Wrongful death time limits and discovery rule considerations

Surviving family members in New Jersey have a right to pursue legal action if wrongful death is suspected. Since such a claim is considered a civil action, however, there are inherent time limits that normally determine how much time is allowed to pass before the right to file a claim expires. New Jersey’s wrongful death statute of limitations is two years from the date of the deceased person’s death.

In some cases, the time limit to file a wrongful death claim may begin at the point when the cause of the decedent’s death is discovered. What’s termed the “discovery rule” applies in situations where there is a need to determine if the decedent should have known or knew what caused their injury or illness prior to death. If this is the case, the limitations period may actually begin before the affected party passes.

If a personal injury action becomes a wrongful death action, statute of limitations restrictions that apply. This specifically applies to instances where the decedent either had no personal injury claim filed prior to their death or failed to initiate a claim within the applicable limitations period before passing away.
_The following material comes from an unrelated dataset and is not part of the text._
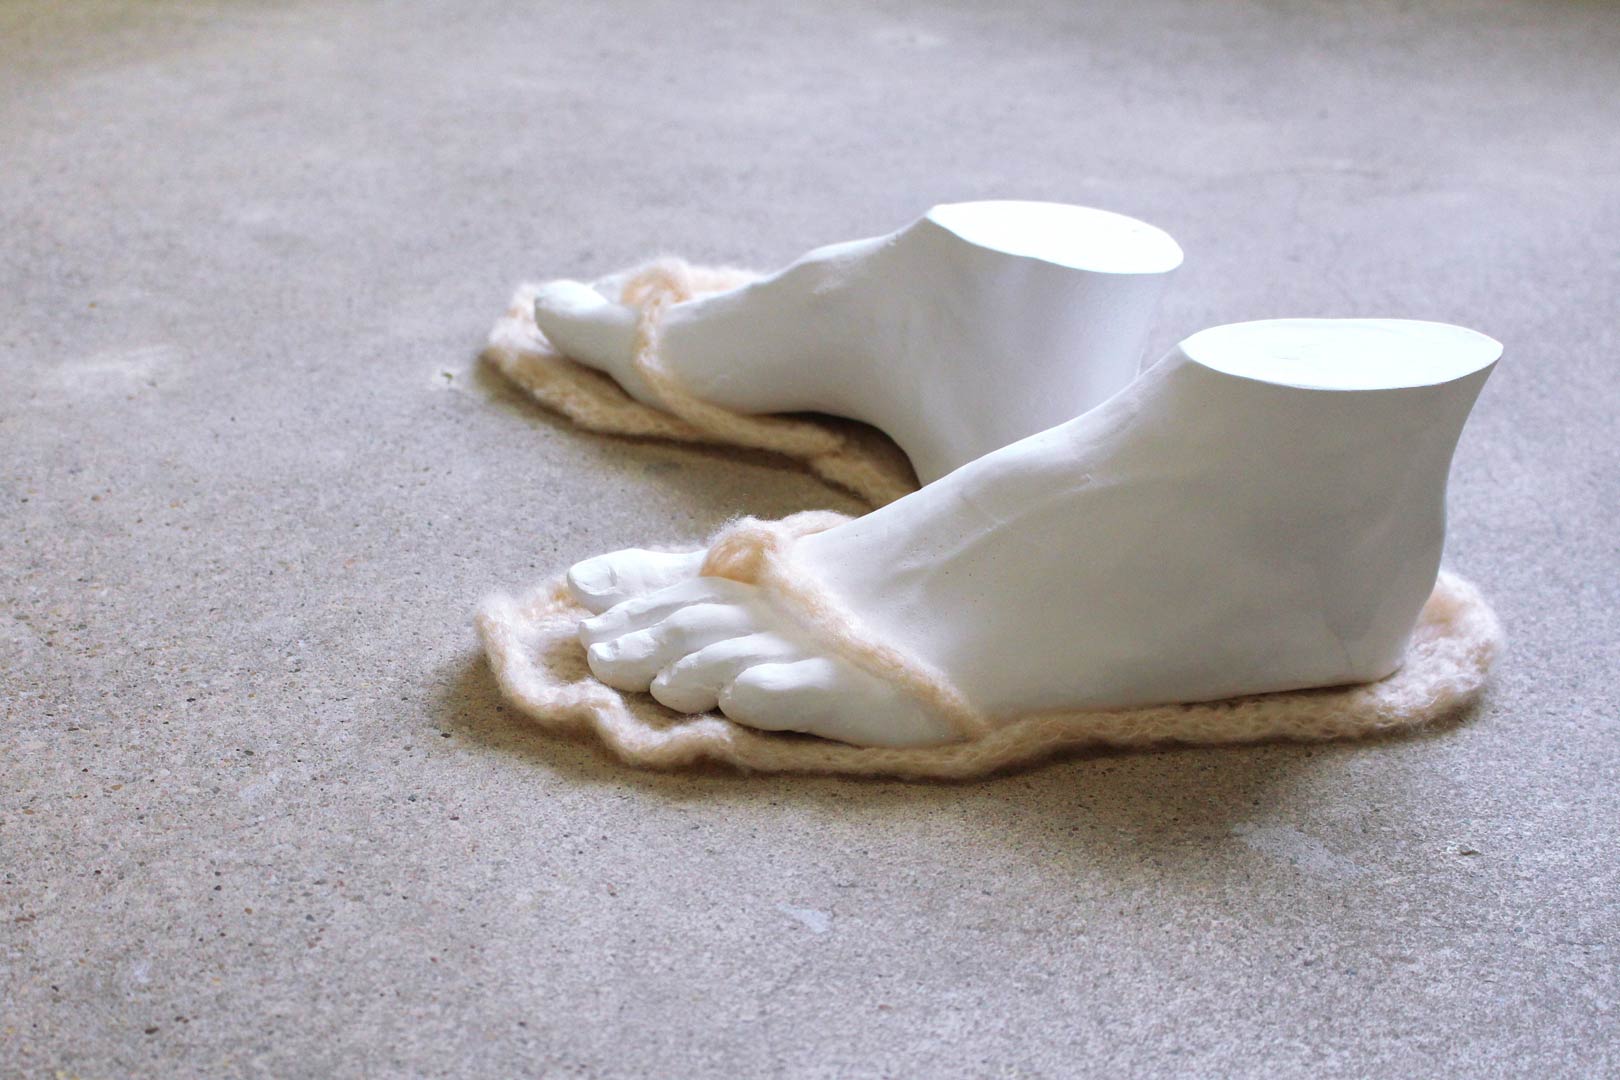 Vues de l'installation intitulée "Douces indolences". Focus resserré sur une paire de pieds sans corps chaussant des tongs en laine rose pale. Les pieds sont issus de moulages en plâtre réalisés à partir des corps des artistes.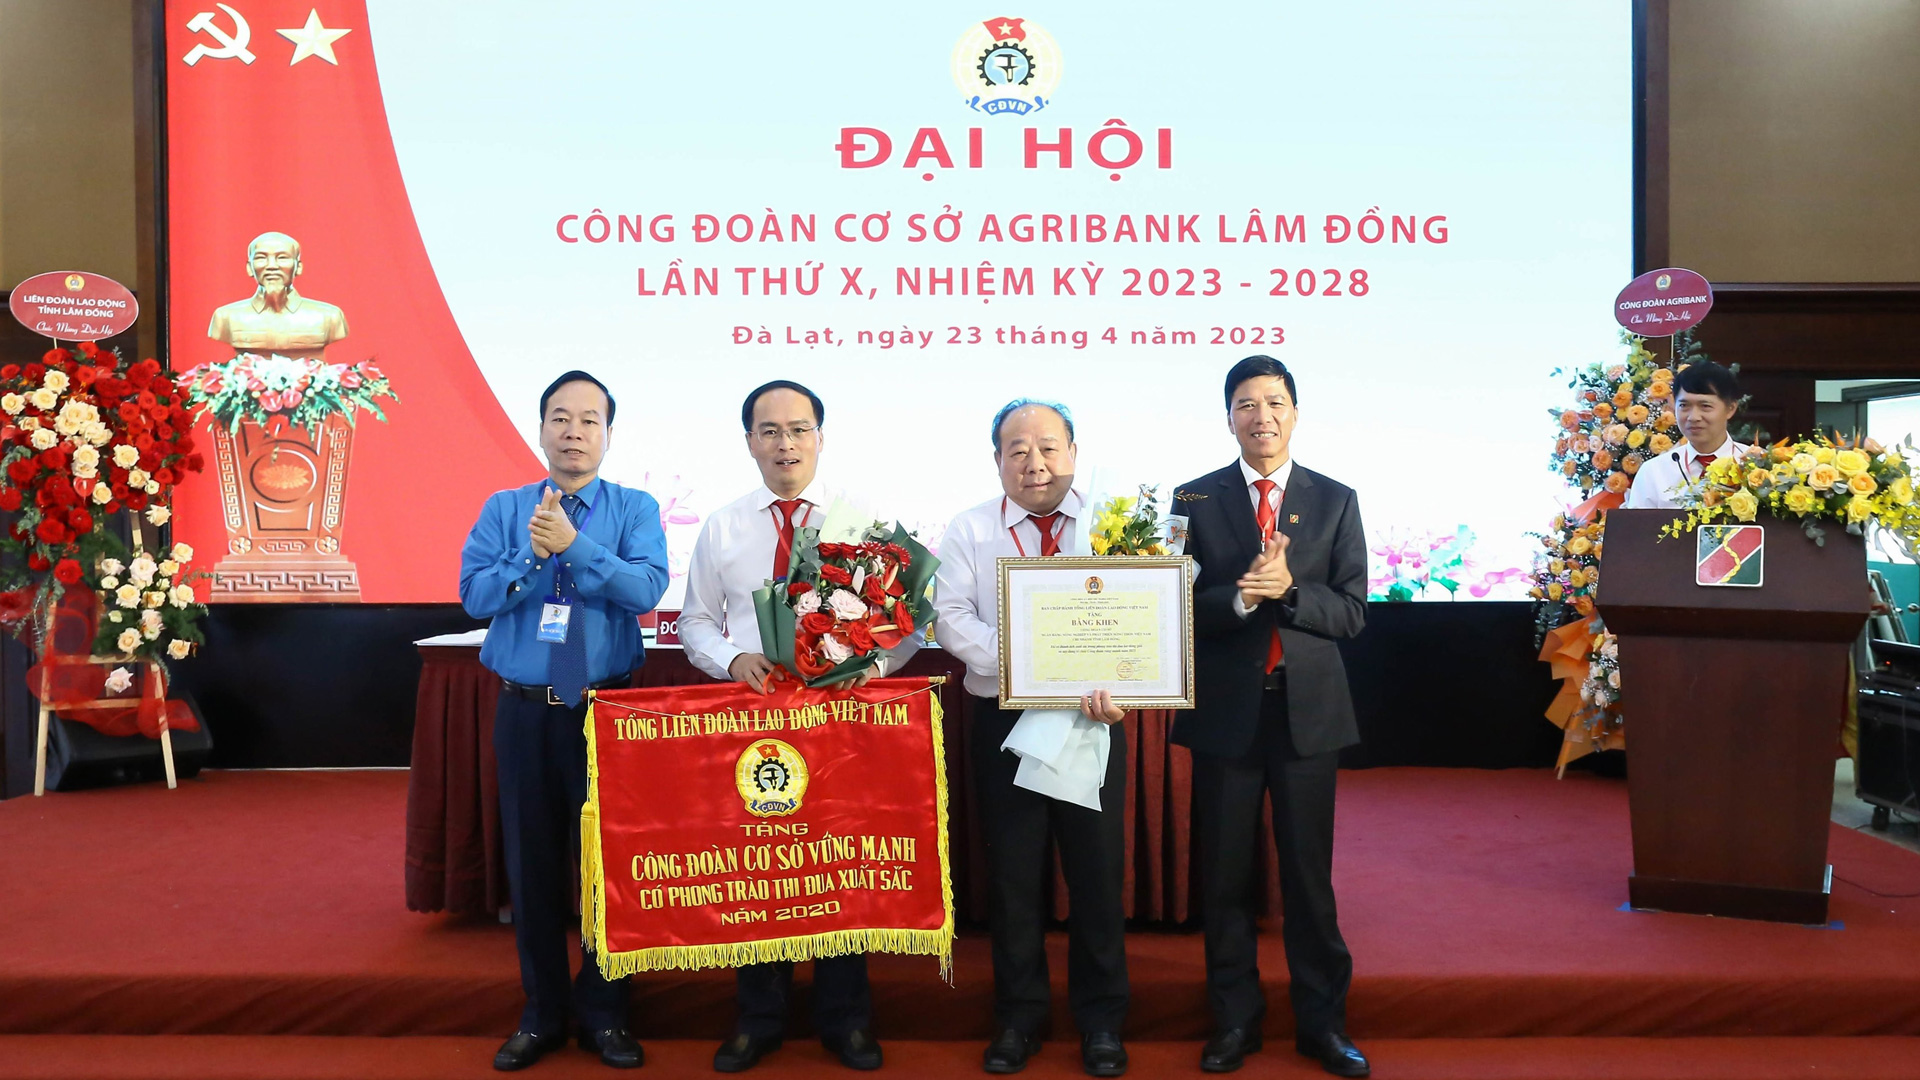 Thi đua là động lực nội sinh mạnh mẽ tại Agribank Lâm Đồng

With wrongful death actions related to product liability, some states begin the limitations period at the time of the decedent’s death regardless of whether or not the party pursuing litigation knew the circumstances involved with their loved one’s cause of death. The discovery rule would not apply to such lawsuits.

In situations when time runs out for a wrongful death claim to be filed, it may still be possible for survivors to seek appropriate compensation. There are three last resort options a lawyer may attempt to apply to a case when the statute of limitations has been reached. Delaying or suspending (tolling) the statute of limitations, for example, is often possible if a child wishes to file a wrongful death claim for a parent since the statute of limitations would not apply until the child turned eighteen. A lawyer may also attempt to either have limitations waived by the court or the opposing party.